Можно ли, когда я с такими мыслями благодарил Томаса Манна за его волшебное творение, упрекнуть меня в умалении величия? Можно ли расценивать как неблагодарность, что я усомнился в здравости его социальной критики в «Волшебной горе» и не могу примириться с ее результатами? Стал ли сей несравненный мастер меньше меня восхищать, оттого что в своем знаменитом многоученом и волнующем романе он потерпел крушение в своей педагогической миссии, поскольку неверна точка зрения, с какой он изобразил феномен «Волшебной горы» в буржуазном обществе, да еще с такими противоречивыми чувствами? Но возможна ли здравая социальная критика вне анализа марксистской идеологии?
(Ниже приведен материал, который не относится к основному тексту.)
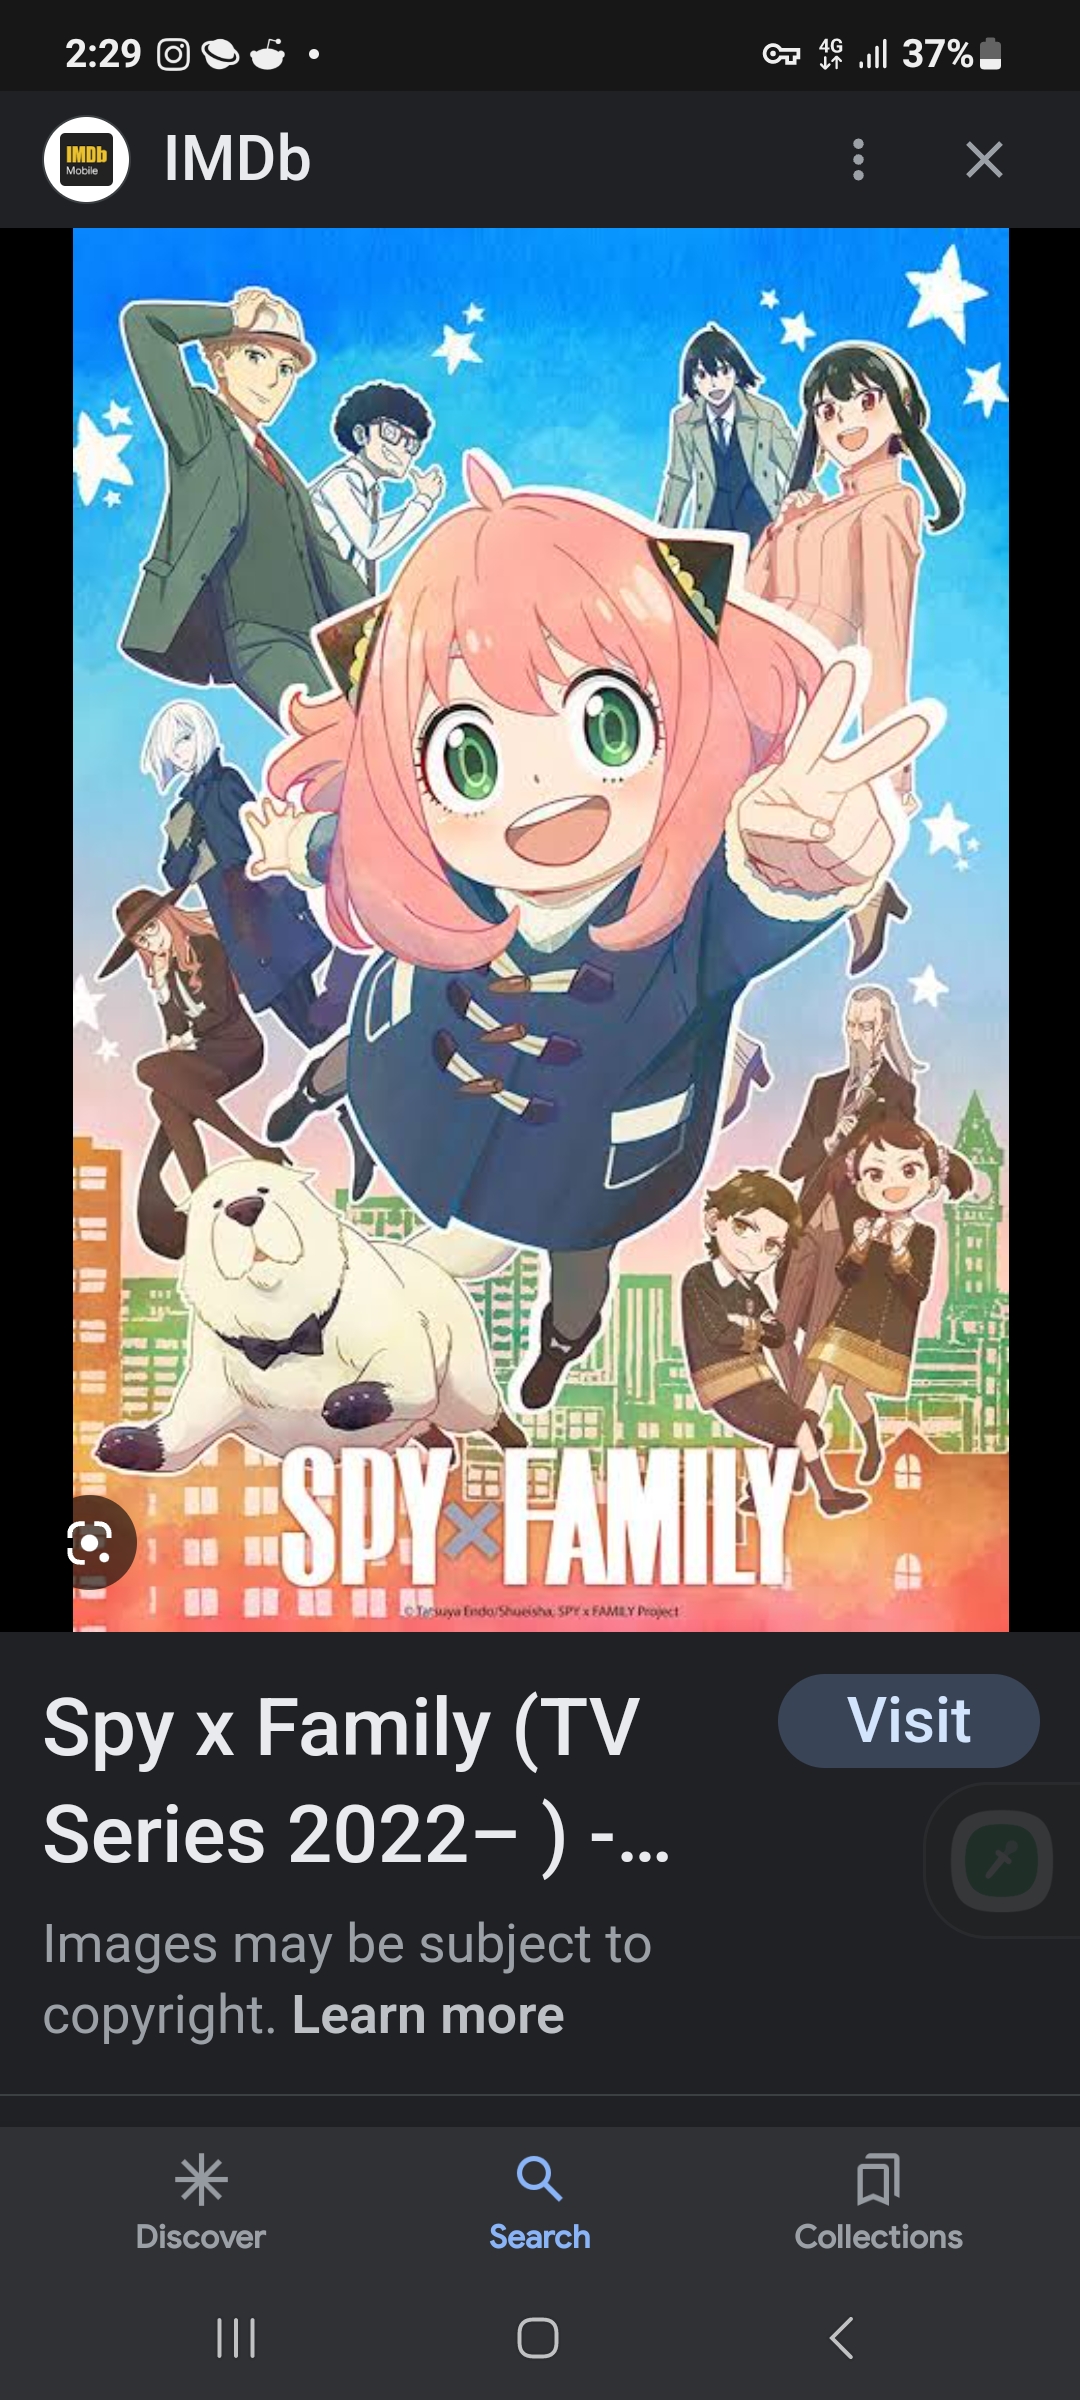 TV Anime Spy x Family 2nd Cour Shinko Music Edition 93% OFF
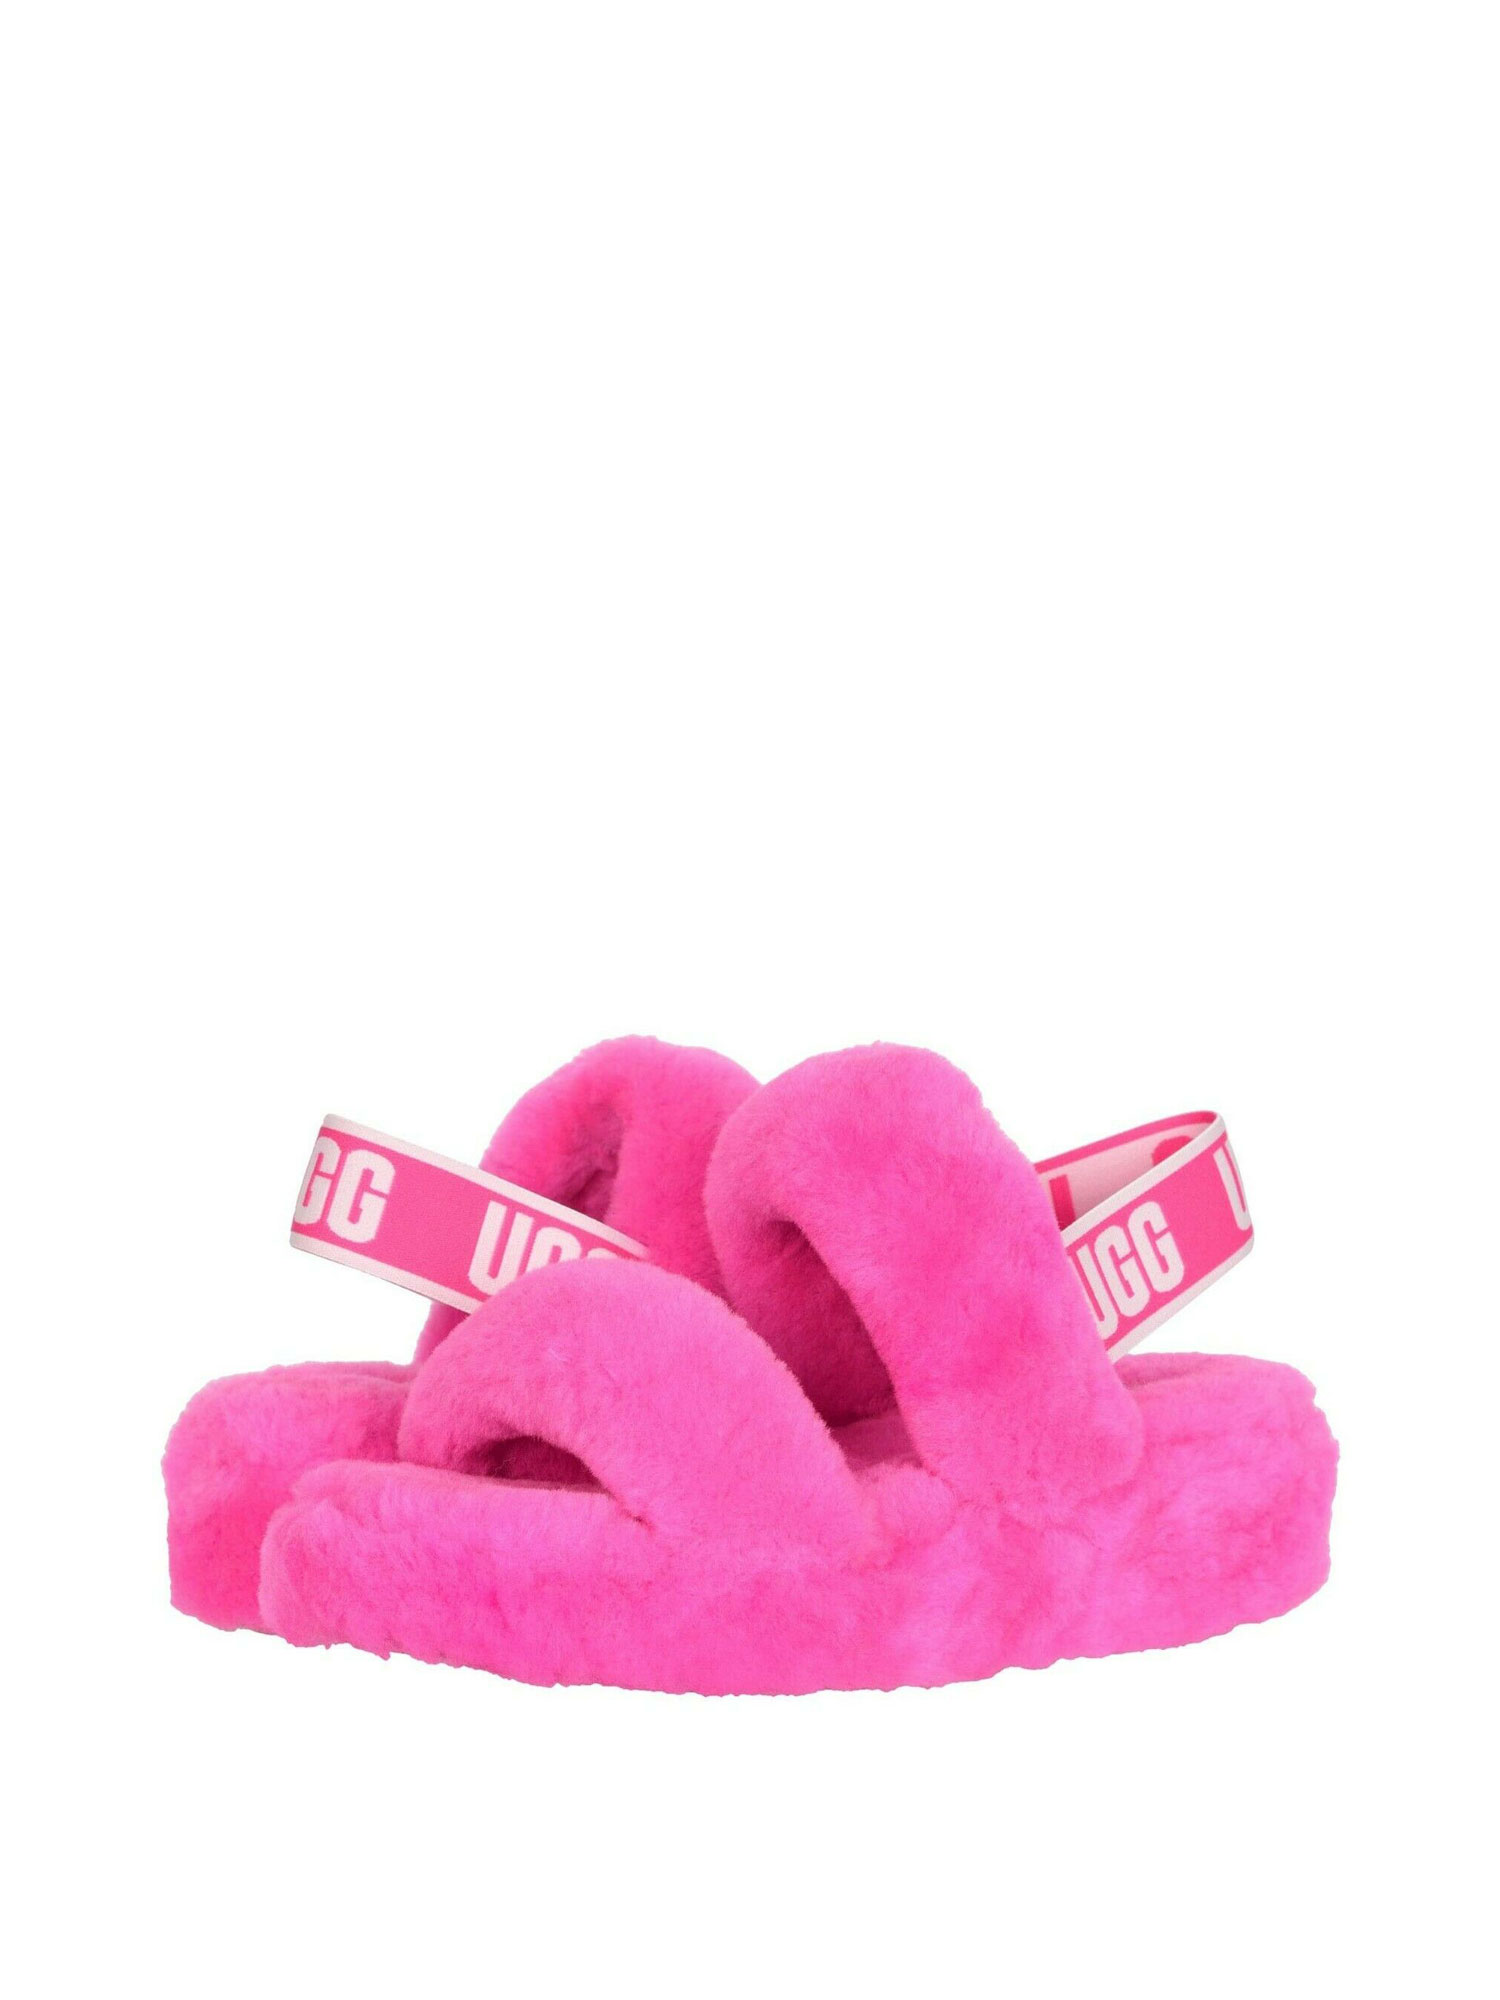 UGG Oh Yeah Slide Women's Sheepskin Slipper Sandals 1107953 - image 1 of 5

Конечно, нет, и ничего тут не меняет великолепная метафора, к какой обратился столь выдающийся критик, как Томас Манн, — гора «морибундов», обреченных смерти. Стало быть, он и сам это знал? И остановился — из опасения перешагнуть порог радикального, бескомпромиссного исследования, хотя, будучи в достаточной степени ясновидцем, не мог, по крайней мере, со всей вежливостью не воздать ему должного?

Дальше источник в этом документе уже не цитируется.